--- Dataset extract Enclosed Below ---

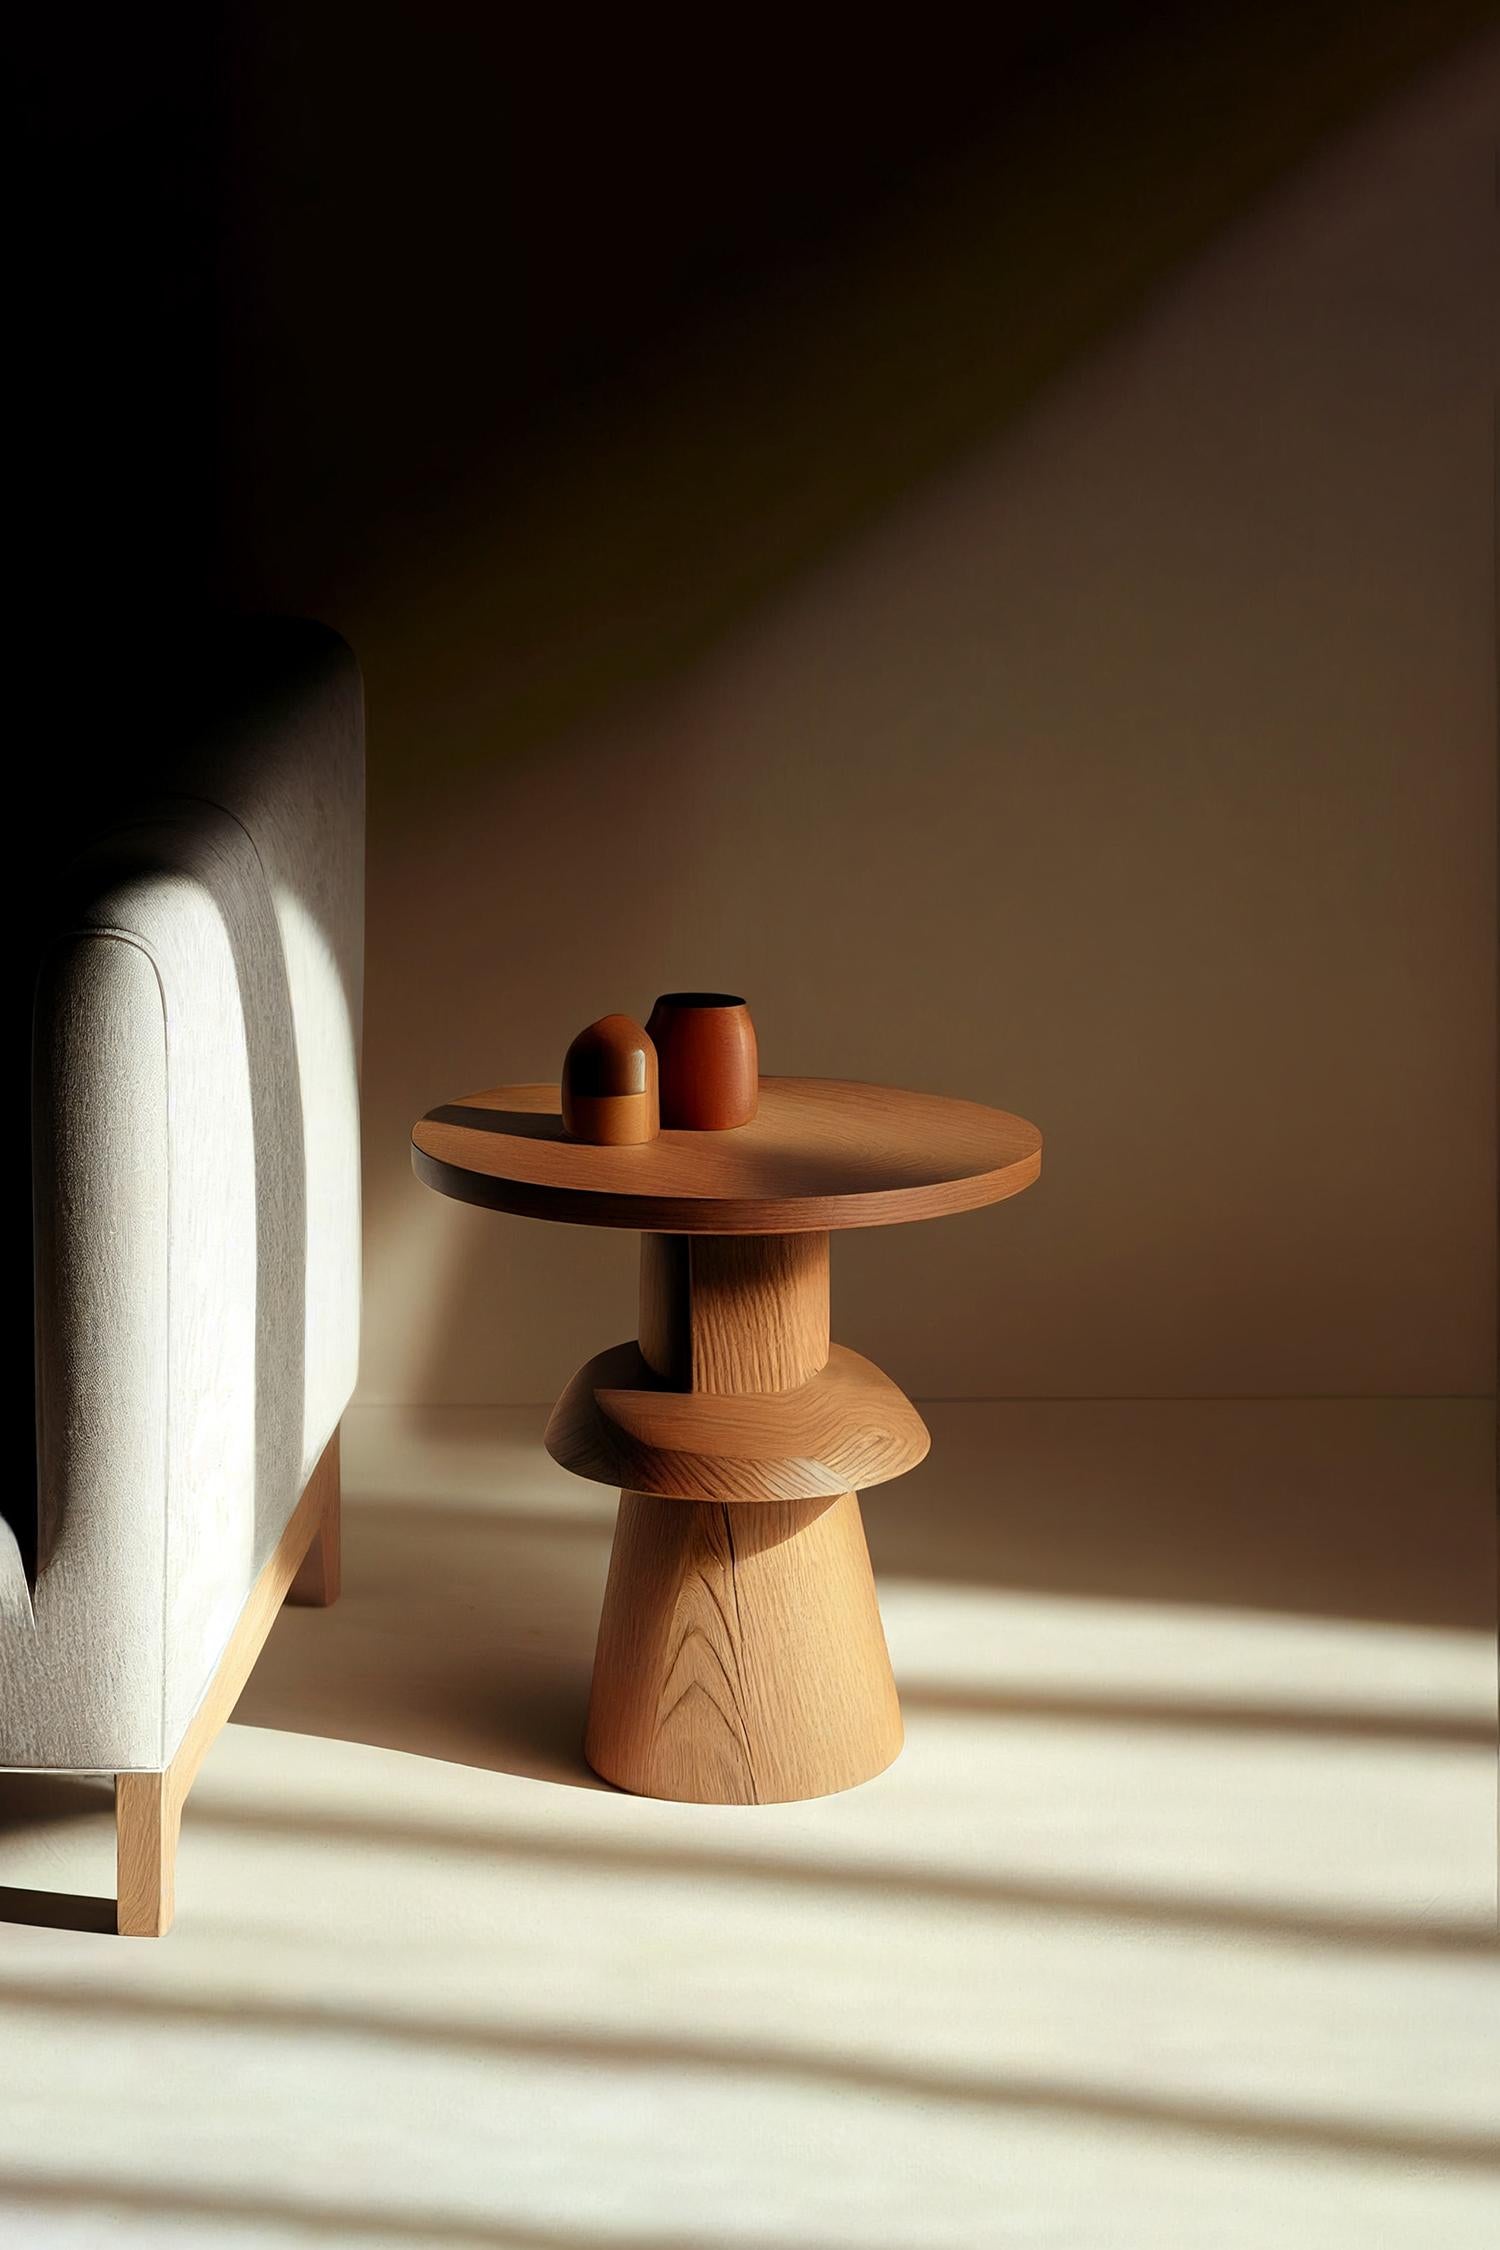 Socle 4 Side Table, Auxiliary Table, Night Stand 

Socle is a small solid wood table designed by the NONO design team. Made of solid wood, its elaborated construction serves as a support, much like a plinth for a statue or sculpture.

In the past,

--- End of Enclosed Dataset extract ---

Task statement
Return the listing verbatim; pictures are not part of the copy.

Expected output
 Socle 4 Side Table, Auxiliary Table, Night Stand 

Socle is a small solid wood table designed by the NONO design team. Made of solid wood, its elaborated construction serves as a support, much like a plinth for a statue or sculpture.

In the past,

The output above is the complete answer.